在 python 中获取没有 pandas 的 csv 列的总和

Question

I have a csv file passed into a function as a string:我有一个 csv 文件作为字符串传递到 function 中：

csv_input = """
            quiz_date,location,size
            2022-01-01,london_uk,134
            2022-01-02,edingburgh_uk,65
            2022-01-01,madrid_es,124
            2022-01-02,london_uk,125
            2022-01-01,edinburgh_uk,89
            2022-01-02,madric_es,143
            2022-01-02,london_uk,352
            2022-01-01,edinburgh_uk,125
            2022-01-01,madrid_es,431
            2022-01-02,london_uk,151"""

I want to print the sum of how many people were surveyed in each city by date, so something like:我想按日期打印每个城市接受调查的人数的总和，例如：

Date.         City.       Pop-Surveyed
2022-01-01.   London.     134
2022-01-01.   Edinburgh.  214
2022-01-01.   Madrid.     555
2022-01-02.   London.     628
2022-01-02.   Edinburgh.  65
2022-01-02.   Madrid.     143

As I can't import pandas on my machine (can't install without internet access) I thought I could use a defaultdict to store the value of each city by date由于我无法在我的机器上导入 pandas（无法在没有互联网访问的情况下安装），我想我可以使用 defaultdict 按日期存储每个城市的值

from collections import defaultdict

survery_data = csv_input.split()[1:]
survery_data = [survey.split(',') for survey in survery_data]

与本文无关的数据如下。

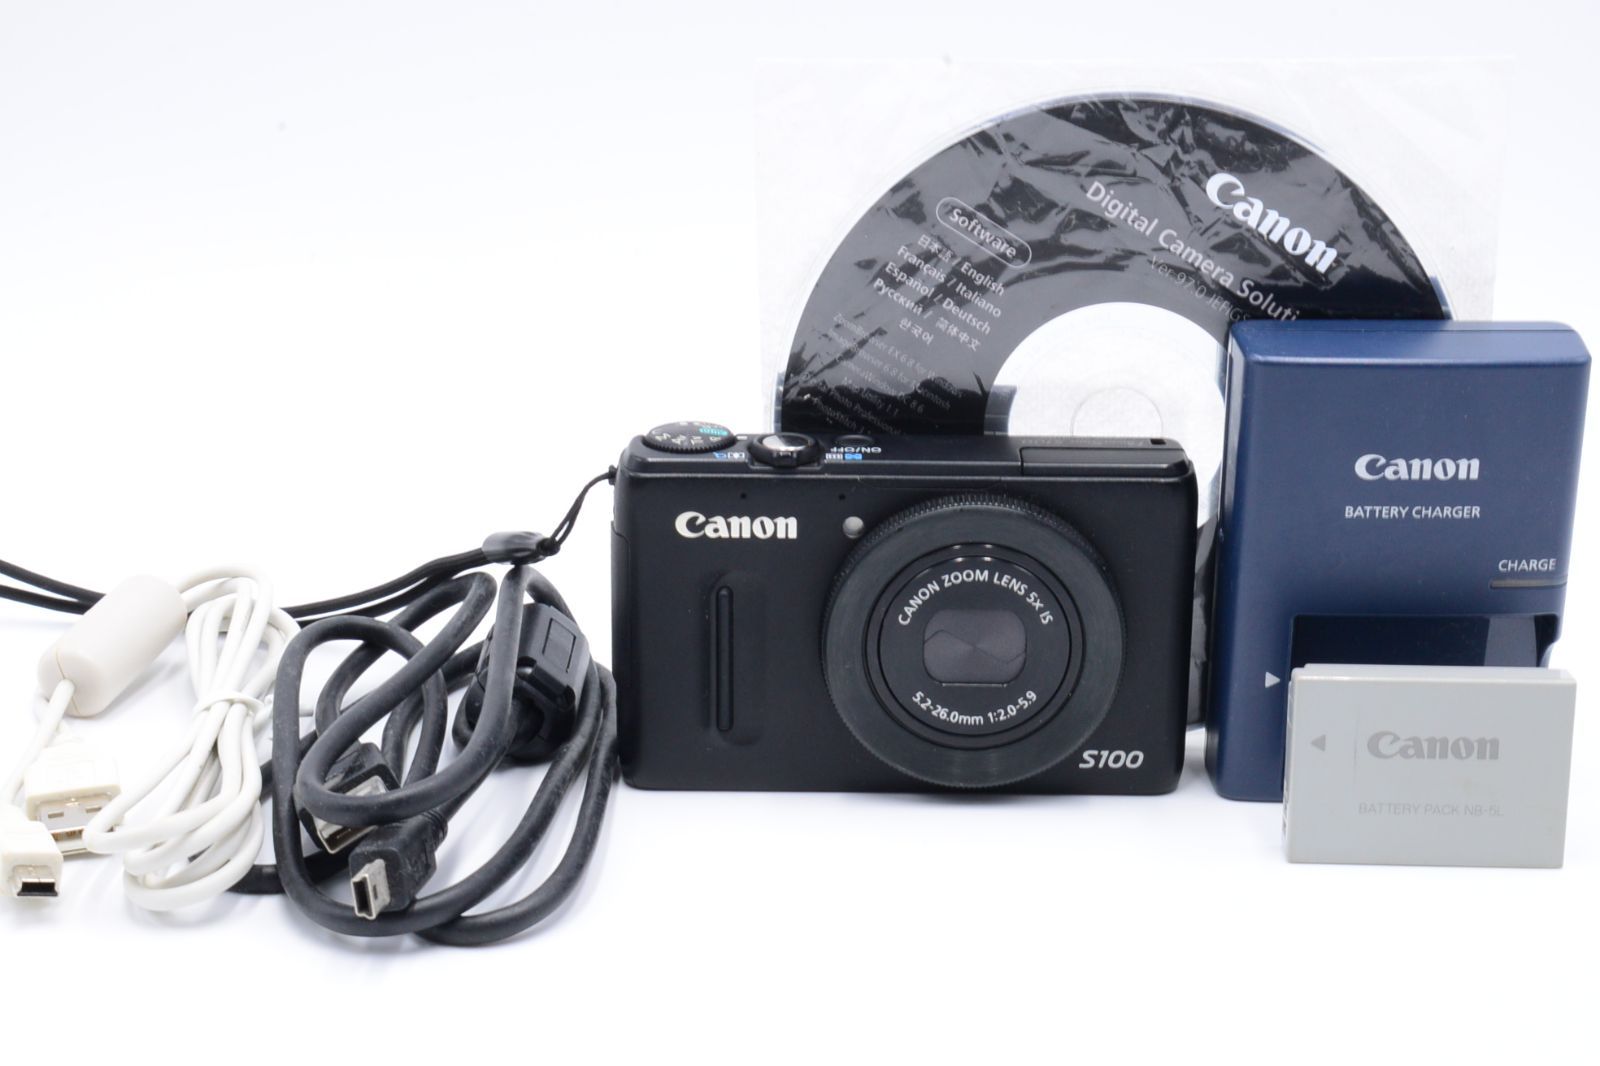 ついに入荷 Canon デジタルカメラ PowerShot S100 シルバー PSS100 SL 1210万画素 広角24mm 光学5倍ズーム 3.

survey_sum = defaultdict(dict)

for survey in survery_data:
    date = survey[0]
    city = survey[1].split("_")[0]
    quantity = survey[-1]

    survey_sum[date][city] += quantity

print(survey_sum)

But doing this returns a KeyError:但是这样做会返回一个 KeyError：

KeyError: 'london'

When I was hoping to have a defaultdict of当我希望有一个 defaultdict

{'2022-01-01': {'london': 134}, {'edinburgh': 214}, {'madrid': 555}},
{'2022-01-02': {'london': 628}, {'edinburgh': 65}, {'madrid': 143}}

Is there a way to create a default dict that gives a structure so I could then iterate over to print out each column like above?有没有办法创建一个提供结构的默认字典，这样我就可以像上面一样迭代打印出每一列？

Answer 1

Try:尝试：

csv_input = """\
            quiz_date,location,size
            2022-01-01,london_uk,134
            2022-01-02,edingburgh_uk,65
            2022-01-01,madrid_es,124
            2022-01-02,london_uk,125
            2022-01-01,edinburgh_uk,89
            2022-01-02,madric_es,143
            2022-01-02,london_uk,352
            2022-01-01,edinburgh_uk,125
            2022-01-01,madrid_es,431
            2022-01-02,london_uk,151"""


header, *rows = (
    tuple(map(str.strip, line.split(",")))
    for line in map(str.strip, csv_input.splitlines())
)

tmp = {}
for date, city, size in rows:
    key = (date, city.split("_")[0])
    tmp[key] = tmp.get(key, 0) + int(size)

out = {}
for (date, city), size in tmp.items():
    out.setdefault(date, []).append({city: size})

print(out)

Prints:印刷：

{
    "2022-01-01": [{"london": 134}, {"madrid": 555}, {"edinburgh": 214}],
    "2022-01-02": [{"edingburgh": 65}, {"london": 628}, {"madric": 143}],
}

Answer 2

Changing改变

survey_sum = defaultdict(dict)

to至

survey_sum = defaultdict(lambda: defaultdict(int))

allows the return of允许返回

defaultdict(<function survey_sum.<locals>.<lambda> at 0x100edd8b0>, {'2022-01-01': defaultdict(<class 'int'>, {'london': 134, 'madrid': 555, 'edinburgh': 214}), '2022-01-02': defaultdict(<class 'int'>, {'edingburgh': 65, 'london': 628, 'madrid': 143})})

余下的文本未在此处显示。